Meta AI has launched LLaMA, a collection of 7B to 65B parameter foundation language models.

The model, an acronym for Long Language Model Meta AI, is smaller than its contemporaries because it is designed for research communities with limited access to infrastructure—sizes of LLaMA range from seven billion to sixty-five billion parameters.

LLaMA-13B is over ten times smaller than OpenAI's GPT-3 (175B), whereas LLaMA-65B is comparable to DeepMind's Chinchilla-70B and Google's PaLM-540B.

The study is different from others because it shows that state-of-the-art performance can be reached by training on publicly available data alone, without using proprietary datasets. Models that are smaller and have been trained on a larger number of tokens (word fragments) are more flexible and easier to modify for new commercial applications. LLaMA 65B and LLaMA 33B were trained on 1.4 trillion tokens, while the smallest model, LLaMA 7B, was trained on one trillion tokens.
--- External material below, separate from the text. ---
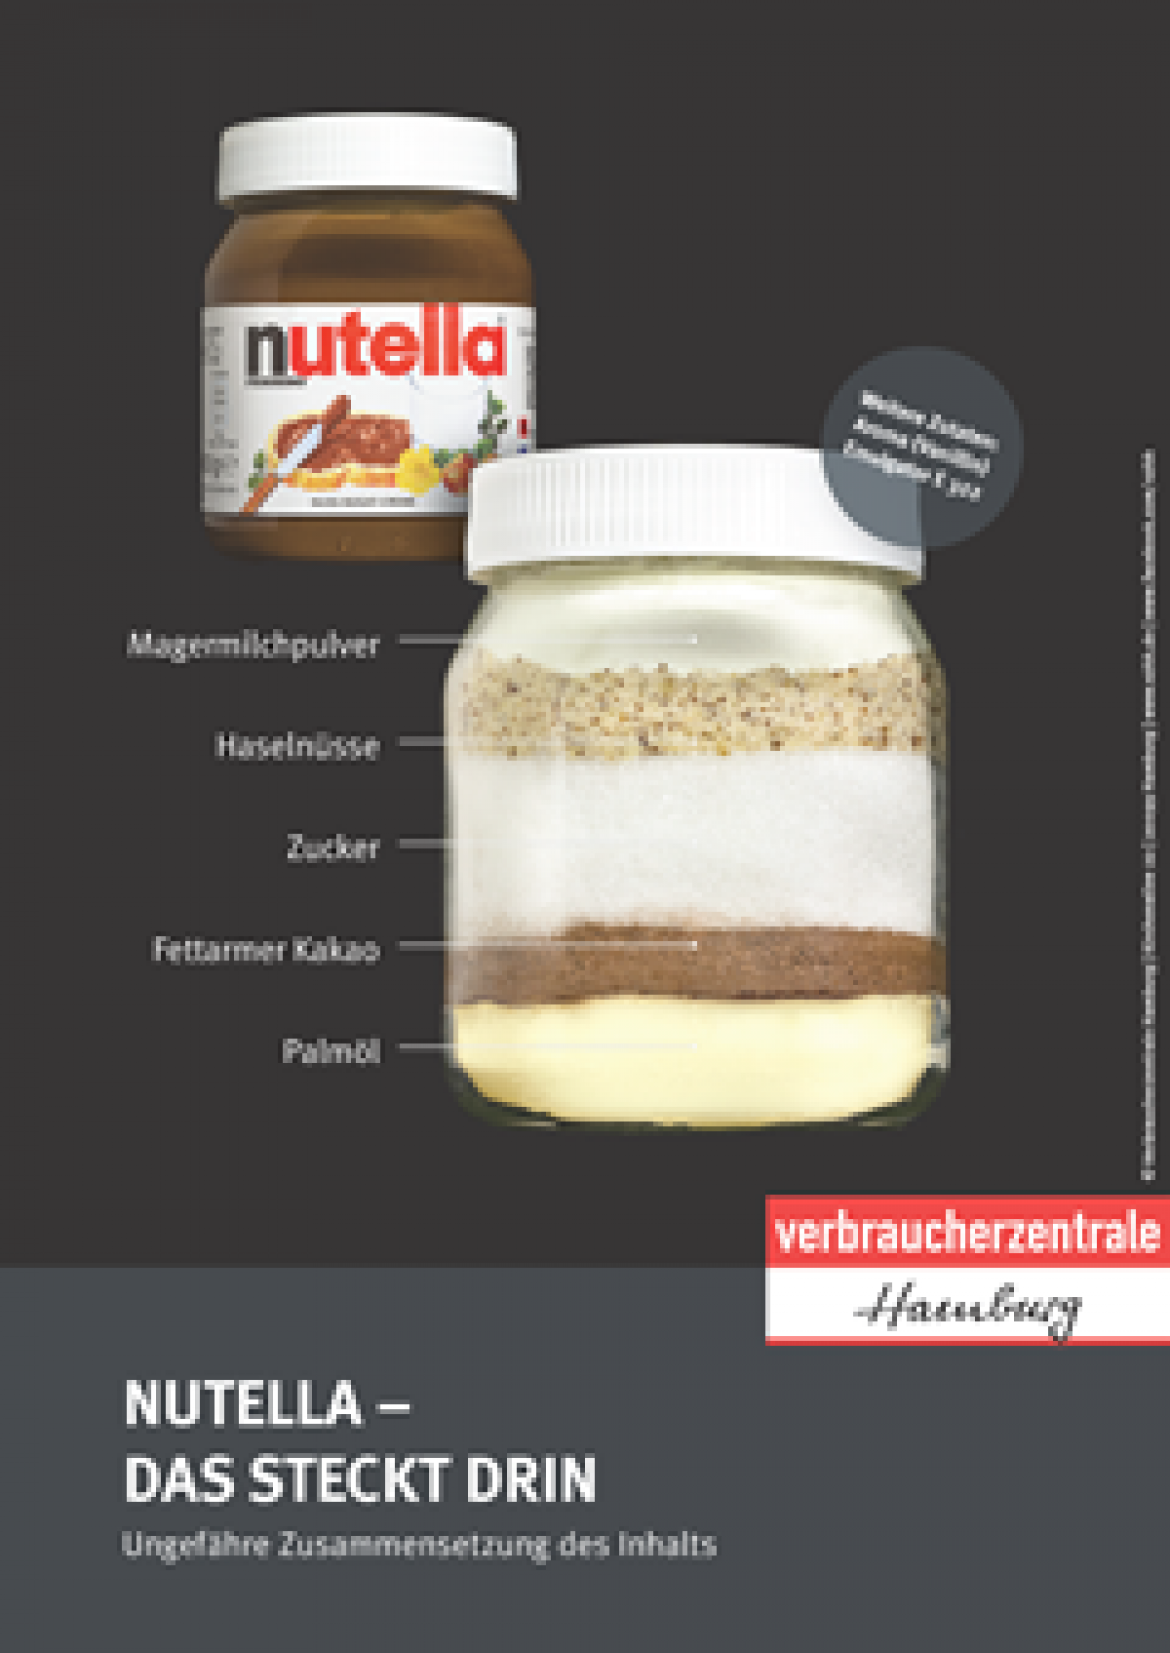 Nutella-Plakat mit Schichten der Inhaltsstoffe
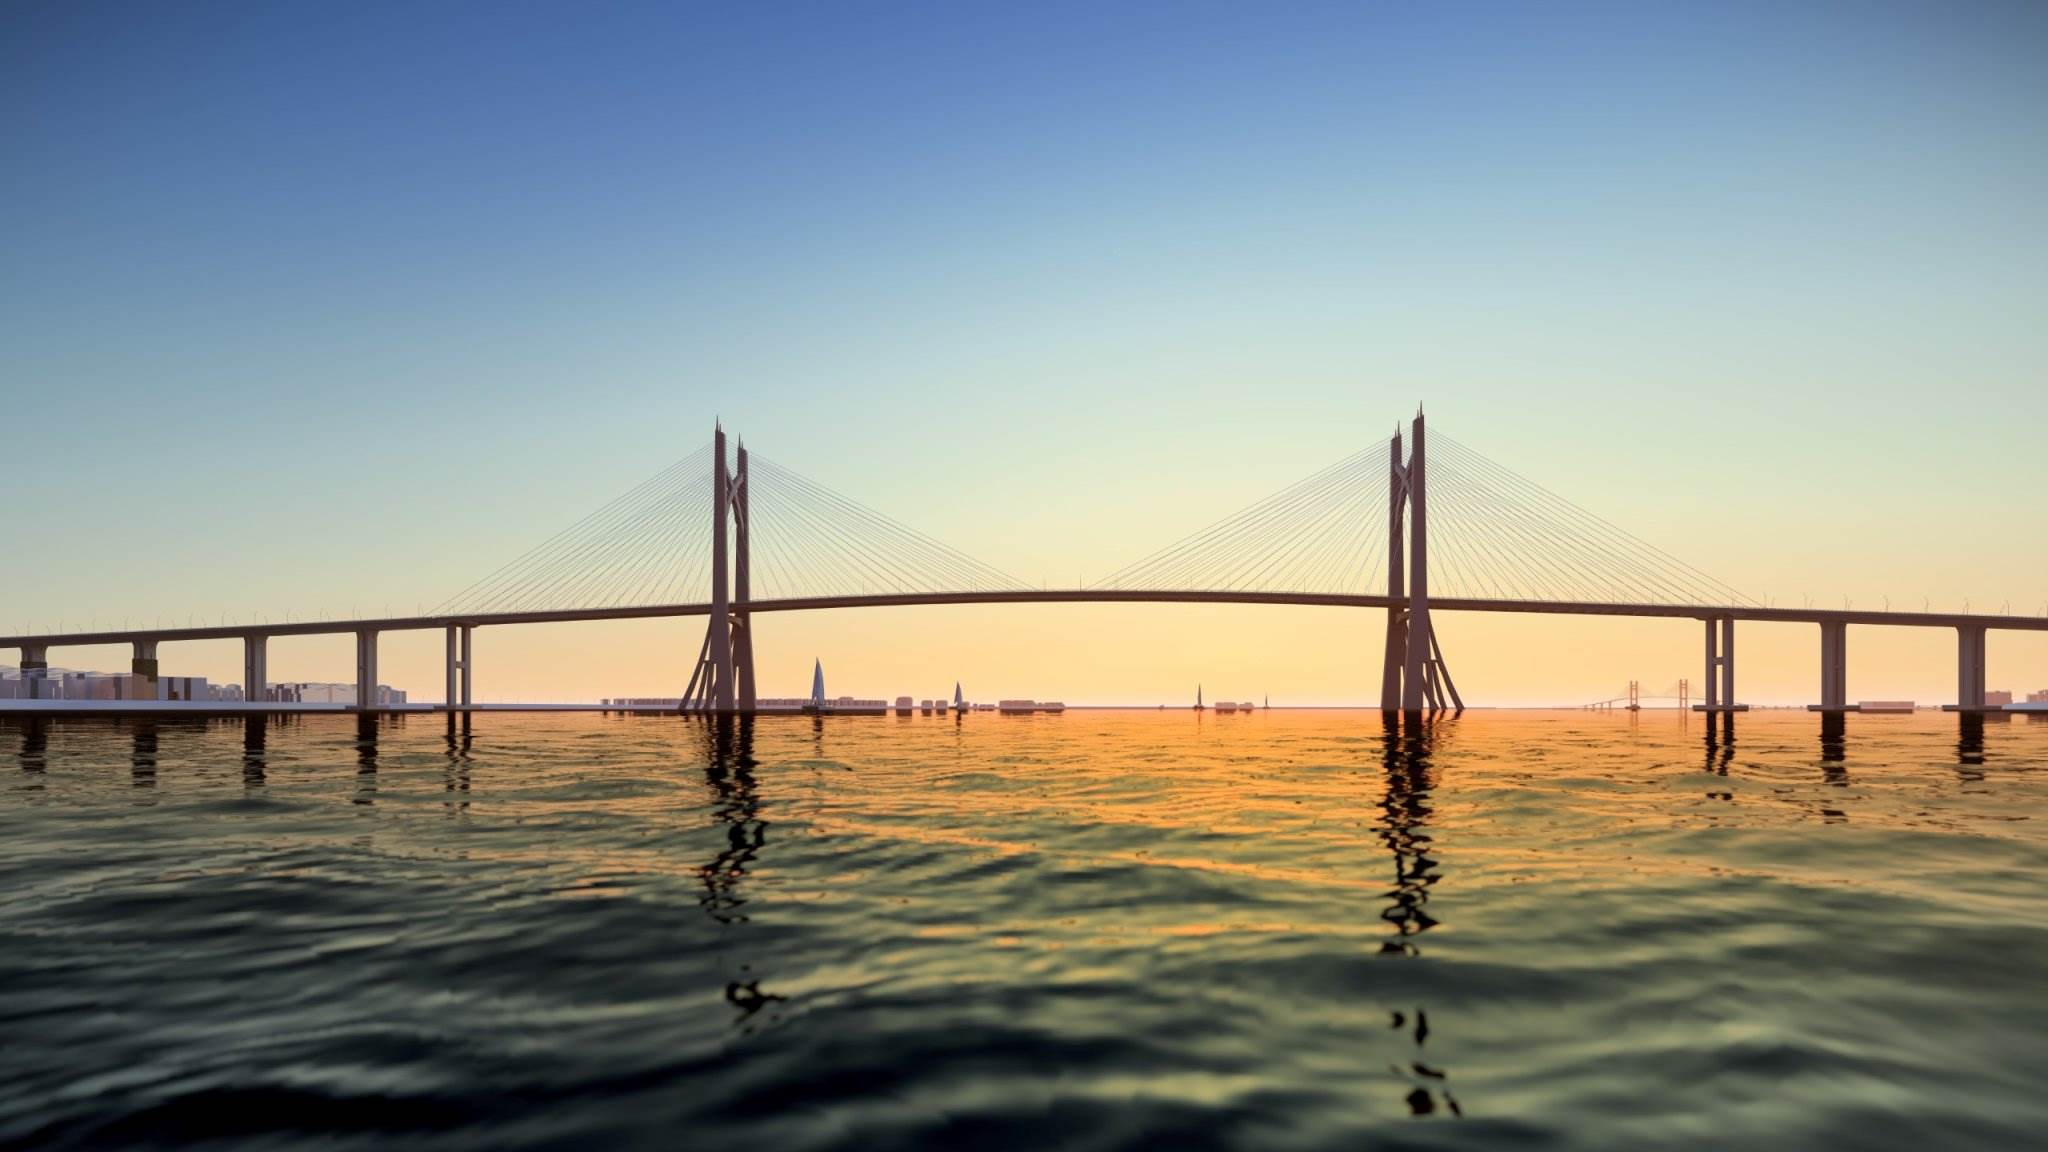 Cầu Cần Giờ được xây dựng theo dạng dây văng, tĩnh không thông thuyền 55m (tương đương cầu Bình Khánh của dự án cao tốc Bến Lức - Long Thành) - cao nhất Việt Nam thời điểm hiện tại. Cầu Cần Giờ cũng sẽ là cầu dây văng lớn nhất TPHCM.

Like any other LLM, LLaMA works by taking a string of words as input and guessing the next word to create text in a loop. The team trained the model with text from the top 20 languages, focusing on those that use the Latin and Cyrillic alphabets.

Researchers at Meta say it is hard to access large language models because they are so big.

"This limited access has made it harder for researchers to understand how and why these large language models work. It has slowed down efforts to make them more reliable and fix problems like bias, toxicity, and the possibility that they could spread false information," Meta says.

Meta is trying to make LLaMA more accessible by making the models smaller and putting them out under a non-commercial licence.

Academic researchers from governments, public organisations, and institutions will be granted case-by-case access to LLaMA models. Here is where you can apply to use LLaMA.

Like ChatGPT and other language models, LLaMA needs help with people making mean comments and giving strange answers. Meta's announcement of LLaMA admits this by saying that researchers can "more easily test new ways to limit or get rid of these problems in large language models" if they share the model.

Meta's research team also put out a set of evaluations on model biases and toxicity that were based on benchmarks. It was done to show the model's limitations and encourage more research in this critical area.